» **Task instructions**
Would you set down the lines running from the one that holds "Children’s Book Backgrounds: Autumn" to the final line of the listing, both included, exactly and with no others?

○ ○ ○ ○ ○

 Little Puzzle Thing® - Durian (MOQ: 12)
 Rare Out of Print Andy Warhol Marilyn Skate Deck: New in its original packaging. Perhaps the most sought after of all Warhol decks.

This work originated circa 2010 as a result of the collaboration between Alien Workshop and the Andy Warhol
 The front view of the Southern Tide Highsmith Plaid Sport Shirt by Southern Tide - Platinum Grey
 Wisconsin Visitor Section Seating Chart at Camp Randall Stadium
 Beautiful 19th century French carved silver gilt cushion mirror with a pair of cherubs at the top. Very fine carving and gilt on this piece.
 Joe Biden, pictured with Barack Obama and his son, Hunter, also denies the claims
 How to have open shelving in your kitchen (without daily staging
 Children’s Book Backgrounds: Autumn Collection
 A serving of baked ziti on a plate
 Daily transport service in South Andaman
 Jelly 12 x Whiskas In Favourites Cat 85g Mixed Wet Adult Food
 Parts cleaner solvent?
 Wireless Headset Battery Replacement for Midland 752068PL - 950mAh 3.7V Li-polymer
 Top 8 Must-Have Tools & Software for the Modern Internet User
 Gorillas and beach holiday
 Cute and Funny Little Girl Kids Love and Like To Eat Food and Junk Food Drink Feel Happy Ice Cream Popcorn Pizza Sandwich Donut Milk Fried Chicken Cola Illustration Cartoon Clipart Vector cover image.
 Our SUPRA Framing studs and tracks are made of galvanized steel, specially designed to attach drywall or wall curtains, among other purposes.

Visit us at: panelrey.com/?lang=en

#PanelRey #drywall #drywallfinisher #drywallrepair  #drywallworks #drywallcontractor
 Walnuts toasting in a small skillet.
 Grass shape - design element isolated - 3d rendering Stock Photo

○ ○ ○ ○ ○

» **Solution**
 Children’s Book Backgrounds: Autumn Collection
 A serving of baked ziti on a plate
 Daily transport service in South Andaman
 Jelly 12 x Whiskas In Favourites Cat 85g Mixed Wet Adult Food
 Parts cleaner solvent?
 Wireless Headset Battery Replacement for Midland 752068PL - 950mAh 3.7V Li-polymer
 Top 8 Must-Have Tools & Software for the Modern Internet User
 Gorillas and beach holiday
 Cute and Funny Little Girl Kids Love and Like To Eat Food and Junk Food Drink Feel Happy Ice Cream Popcorn Pizza Sandwich Donut Milk Fried Chicken Cola Illustration Cartoon Clipart Vector cover image.
 Our SUPRA Framing studs and tracks are made of galvanized steel, specially designed to attach drywall or wall curtains, among other purposes.

Visit us at: panelrey.com/?lang=en

#PanelRey #drywall #drywallfinisher #drywallrepair  #drywallworks #drywallcontractor
 Walnuts toasting in a small skillet.
 Grass shape - design element isolated - 3d rendering Stock Photo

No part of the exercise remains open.